(INPUT DATA begins)
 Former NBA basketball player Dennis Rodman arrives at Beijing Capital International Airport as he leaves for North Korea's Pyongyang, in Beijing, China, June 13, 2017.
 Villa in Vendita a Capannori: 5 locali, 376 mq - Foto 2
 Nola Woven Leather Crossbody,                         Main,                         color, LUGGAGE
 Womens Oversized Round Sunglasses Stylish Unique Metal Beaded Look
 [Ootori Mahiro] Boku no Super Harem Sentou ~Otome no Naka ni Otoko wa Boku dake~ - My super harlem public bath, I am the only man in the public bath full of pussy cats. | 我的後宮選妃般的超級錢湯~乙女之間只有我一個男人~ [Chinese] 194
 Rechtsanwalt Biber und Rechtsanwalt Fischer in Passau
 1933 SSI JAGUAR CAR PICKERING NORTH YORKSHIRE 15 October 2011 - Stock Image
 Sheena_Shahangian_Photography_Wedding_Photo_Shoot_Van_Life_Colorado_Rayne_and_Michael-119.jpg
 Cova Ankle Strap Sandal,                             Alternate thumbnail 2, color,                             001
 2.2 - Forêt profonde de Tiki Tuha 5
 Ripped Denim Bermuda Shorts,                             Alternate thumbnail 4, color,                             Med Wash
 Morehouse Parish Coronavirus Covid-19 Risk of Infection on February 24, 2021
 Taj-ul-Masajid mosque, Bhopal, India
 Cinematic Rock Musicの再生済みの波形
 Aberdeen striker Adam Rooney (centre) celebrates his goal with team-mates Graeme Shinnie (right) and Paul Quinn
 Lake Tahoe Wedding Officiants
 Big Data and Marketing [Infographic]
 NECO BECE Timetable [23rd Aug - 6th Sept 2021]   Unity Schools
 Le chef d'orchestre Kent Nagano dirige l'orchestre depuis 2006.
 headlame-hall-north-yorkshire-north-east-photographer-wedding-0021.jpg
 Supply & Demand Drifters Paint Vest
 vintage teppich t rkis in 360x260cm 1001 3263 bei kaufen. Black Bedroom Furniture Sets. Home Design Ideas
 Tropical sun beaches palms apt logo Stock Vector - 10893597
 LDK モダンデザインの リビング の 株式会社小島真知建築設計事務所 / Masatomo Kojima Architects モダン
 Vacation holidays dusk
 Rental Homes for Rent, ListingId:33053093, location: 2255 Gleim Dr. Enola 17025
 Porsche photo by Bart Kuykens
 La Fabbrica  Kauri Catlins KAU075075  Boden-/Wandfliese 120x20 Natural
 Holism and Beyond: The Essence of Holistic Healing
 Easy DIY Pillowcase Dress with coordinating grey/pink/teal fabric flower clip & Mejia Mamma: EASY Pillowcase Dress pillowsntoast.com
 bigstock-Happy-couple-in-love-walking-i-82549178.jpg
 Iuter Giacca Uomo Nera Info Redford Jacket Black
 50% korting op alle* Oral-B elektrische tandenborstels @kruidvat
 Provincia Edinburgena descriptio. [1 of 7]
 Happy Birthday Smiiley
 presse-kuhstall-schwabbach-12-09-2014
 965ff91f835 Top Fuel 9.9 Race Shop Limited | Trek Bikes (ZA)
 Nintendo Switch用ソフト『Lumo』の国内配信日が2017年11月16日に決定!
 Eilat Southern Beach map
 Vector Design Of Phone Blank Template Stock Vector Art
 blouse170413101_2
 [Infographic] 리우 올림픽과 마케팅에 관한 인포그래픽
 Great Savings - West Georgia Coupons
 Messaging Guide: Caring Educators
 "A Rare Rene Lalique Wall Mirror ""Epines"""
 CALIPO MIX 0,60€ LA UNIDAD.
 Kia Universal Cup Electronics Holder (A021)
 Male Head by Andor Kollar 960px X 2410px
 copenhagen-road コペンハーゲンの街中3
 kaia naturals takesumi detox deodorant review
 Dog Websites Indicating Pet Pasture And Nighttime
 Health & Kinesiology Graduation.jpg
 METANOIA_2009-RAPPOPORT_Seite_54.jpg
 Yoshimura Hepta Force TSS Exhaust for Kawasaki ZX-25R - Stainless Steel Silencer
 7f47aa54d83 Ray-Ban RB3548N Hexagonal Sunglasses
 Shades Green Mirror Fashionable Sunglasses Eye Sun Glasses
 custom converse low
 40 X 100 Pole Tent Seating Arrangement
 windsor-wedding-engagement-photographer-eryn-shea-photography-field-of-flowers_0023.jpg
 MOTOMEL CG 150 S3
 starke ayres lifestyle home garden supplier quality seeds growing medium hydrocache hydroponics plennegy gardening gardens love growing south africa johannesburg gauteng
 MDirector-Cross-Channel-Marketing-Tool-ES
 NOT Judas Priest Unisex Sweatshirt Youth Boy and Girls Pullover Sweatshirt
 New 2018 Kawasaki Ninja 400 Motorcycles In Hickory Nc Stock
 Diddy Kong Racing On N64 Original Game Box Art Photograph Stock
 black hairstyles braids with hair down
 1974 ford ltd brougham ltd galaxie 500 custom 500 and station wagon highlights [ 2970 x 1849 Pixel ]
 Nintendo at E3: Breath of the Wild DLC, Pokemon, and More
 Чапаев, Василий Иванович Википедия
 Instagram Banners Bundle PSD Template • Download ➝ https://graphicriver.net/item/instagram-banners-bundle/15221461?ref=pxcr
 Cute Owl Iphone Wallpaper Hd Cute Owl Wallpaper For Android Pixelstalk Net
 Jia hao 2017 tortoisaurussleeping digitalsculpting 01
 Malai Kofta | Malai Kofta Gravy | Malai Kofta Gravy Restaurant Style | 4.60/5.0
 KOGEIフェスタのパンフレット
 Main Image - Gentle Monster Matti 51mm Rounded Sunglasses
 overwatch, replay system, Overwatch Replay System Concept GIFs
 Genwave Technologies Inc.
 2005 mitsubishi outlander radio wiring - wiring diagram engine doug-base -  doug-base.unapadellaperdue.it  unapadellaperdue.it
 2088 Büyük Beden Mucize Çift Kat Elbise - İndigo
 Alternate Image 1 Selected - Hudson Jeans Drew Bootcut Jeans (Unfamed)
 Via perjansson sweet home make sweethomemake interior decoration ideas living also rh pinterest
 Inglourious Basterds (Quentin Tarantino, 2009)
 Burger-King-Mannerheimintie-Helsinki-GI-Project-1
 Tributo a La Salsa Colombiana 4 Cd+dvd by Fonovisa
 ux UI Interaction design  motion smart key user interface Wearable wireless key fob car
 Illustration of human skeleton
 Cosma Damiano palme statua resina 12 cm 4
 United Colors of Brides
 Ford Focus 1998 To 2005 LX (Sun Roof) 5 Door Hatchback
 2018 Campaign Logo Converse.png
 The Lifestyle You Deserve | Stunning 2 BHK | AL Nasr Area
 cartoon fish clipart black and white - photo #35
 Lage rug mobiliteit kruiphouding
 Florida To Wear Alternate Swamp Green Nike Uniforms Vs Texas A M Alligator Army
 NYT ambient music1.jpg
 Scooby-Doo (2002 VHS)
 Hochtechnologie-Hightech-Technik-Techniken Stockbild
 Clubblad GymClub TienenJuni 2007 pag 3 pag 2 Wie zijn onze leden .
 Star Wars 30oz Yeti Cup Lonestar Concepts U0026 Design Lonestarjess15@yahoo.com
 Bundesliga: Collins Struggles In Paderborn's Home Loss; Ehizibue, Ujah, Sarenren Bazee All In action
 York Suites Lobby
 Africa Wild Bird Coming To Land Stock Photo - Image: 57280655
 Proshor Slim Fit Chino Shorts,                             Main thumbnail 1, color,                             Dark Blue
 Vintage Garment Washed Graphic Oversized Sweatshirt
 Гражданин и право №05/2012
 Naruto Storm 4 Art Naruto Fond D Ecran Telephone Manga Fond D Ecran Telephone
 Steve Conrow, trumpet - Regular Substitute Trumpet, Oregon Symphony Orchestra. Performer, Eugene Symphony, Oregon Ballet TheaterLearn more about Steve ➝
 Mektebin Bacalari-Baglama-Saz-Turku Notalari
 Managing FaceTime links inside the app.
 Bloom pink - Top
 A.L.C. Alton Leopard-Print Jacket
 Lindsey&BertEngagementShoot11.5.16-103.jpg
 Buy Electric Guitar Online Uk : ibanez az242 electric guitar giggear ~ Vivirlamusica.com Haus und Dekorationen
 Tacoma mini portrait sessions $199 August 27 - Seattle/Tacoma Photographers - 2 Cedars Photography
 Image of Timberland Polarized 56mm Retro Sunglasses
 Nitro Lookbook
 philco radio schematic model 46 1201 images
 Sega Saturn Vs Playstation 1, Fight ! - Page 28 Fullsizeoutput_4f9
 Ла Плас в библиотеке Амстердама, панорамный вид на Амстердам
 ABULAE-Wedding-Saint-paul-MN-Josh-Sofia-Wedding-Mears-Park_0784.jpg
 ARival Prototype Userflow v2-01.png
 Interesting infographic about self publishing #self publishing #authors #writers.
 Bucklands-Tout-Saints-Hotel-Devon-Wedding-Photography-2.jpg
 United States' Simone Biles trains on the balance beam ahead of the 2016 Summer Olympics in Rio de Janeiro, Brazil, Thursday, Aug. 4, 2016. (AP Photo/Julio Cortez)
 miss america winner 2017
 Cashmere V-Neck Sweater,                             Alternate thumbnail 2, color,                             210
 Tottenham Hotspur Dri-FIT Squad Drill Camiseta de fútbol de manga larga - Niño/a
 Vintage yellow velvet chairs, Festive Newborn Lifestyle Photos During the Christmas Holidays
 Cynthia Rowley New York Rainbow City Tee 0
(INPUT DATA ends)
» **BRIEF**: Give back, word for word, only the lines above from the line holding "Bundesliga: Collins Struggles" to the line holding "Naruto Storm 4", both included.

» **ANSWER FOR THIS EXERCISE**:
 Bundesliga: Collins Struggles In Paderborn's Home Loss; Ehizibue, Ujah, Sarenren Bazee All In action
 York Suites Lobby
 Africa Wild Bird Coming To Land Stock Photo - Image: 57280655
 Proshor Slim Fit Chino Shorts,                             Main thumbnail 1, color,                             Dark Blue
 Vintage Garment Washed Graphic Oversized Sweatshirt
 Гражданин и право №05/2012
 Naruto Storm 4 Art Naruto Fond D Ecran Telephone Manga Fond D Ecran Telephone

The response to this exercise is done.